Oireachtas Joint and Select Committees

Wednesday, 19 October 2022

Joint Oireachtas Committee on Agriculture, Food and the Marine

EU Nature Restoration Target and General Scheme of the Veterinary Medicinal Products, Medicated Feed and Fertilisers Regulation Bill 2022: Discussion (Resumed)

Photo of Jackie CahillJackie Cahill (Tipperary, Fianna Fail) | Oireachtas source

I thank our guests. I have a few comments of my own and then I will close this session.

I strongly advise against going down the compensation route. This must be resisted. The compensation route is definitely a port of last resort. I have seen it before with designated land. We were promised good schemes for that land when it was designated and the funding dried up very quickly. As well as that, the capital value of the land has been completely destroyed. It probably has less than 20% of the capital value of undesignated land. It baffled me how it was allowed to happen at the time.

As a committee this is the second session we have had on this. An awful lot of questions have been raised in this meeting. We are all fairly ignorant of where this process is at and what we need to do to put the brakes on it and get a bit of common sense to prevail. The secretariat here will take away from what we have heard at the last two sessions. We will try to find out exactly where it is in the EU process, what exactly our Government's position is and where the decision-making is at as well. There is an onus on us in the Government parties to ensure we get accurate information to this committee quickly. As I said at the outset, we intend to devote a number of sessions to this. These proposed regulations from Brussels could have huge implications not just for rural Ireland but for our whole economy and we as a committee intend to put a lot of effort into getting a defence of Ireland's position put in place to ensure common sense prevails.
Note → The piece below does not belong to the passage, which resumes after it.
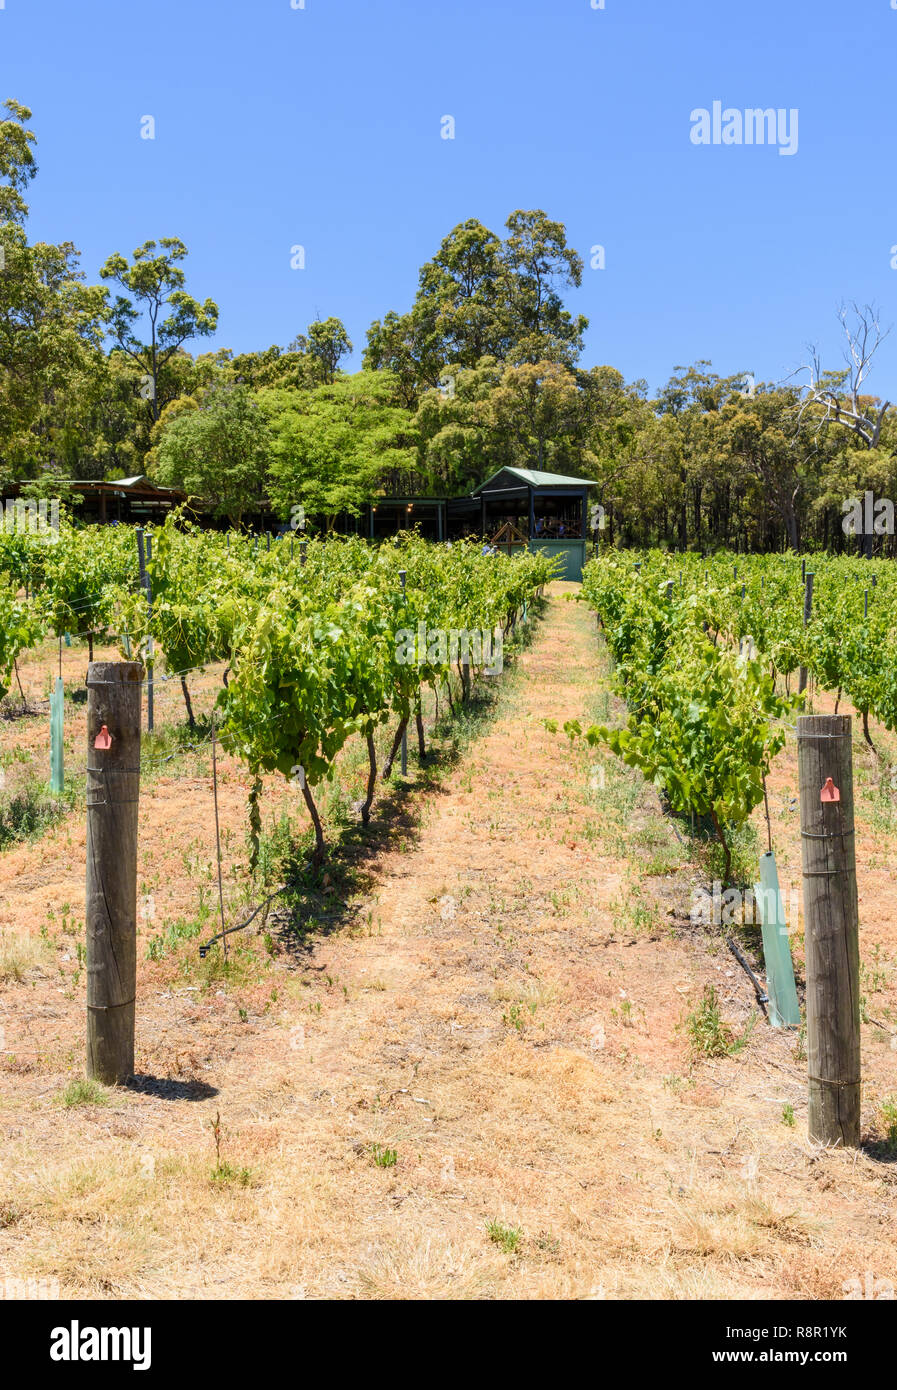 Grapevines at Fairbrossen Winery and Cafe in the Bickley Valley, Carmel, Western Australia Stock Photo

We have seen it with the war in Ukraine and food security, and also with forestry security. We had a forestry briefing this morning. There is huge competition as it is for land for forestry. If this goes ahead as proposed, we can forget about the forestry industry in this country. It will be over. That is leaving aside the arable land they will be trying to foreclose on.

Our guests will be in this room again discussing these proposals. I thank them for their participation this evening. It was a very worthwhile discussion and it has briefed us well on where the farming organisations are coming from. I will now suspend the meeting to allow our guests to leave and then we will commence our second session.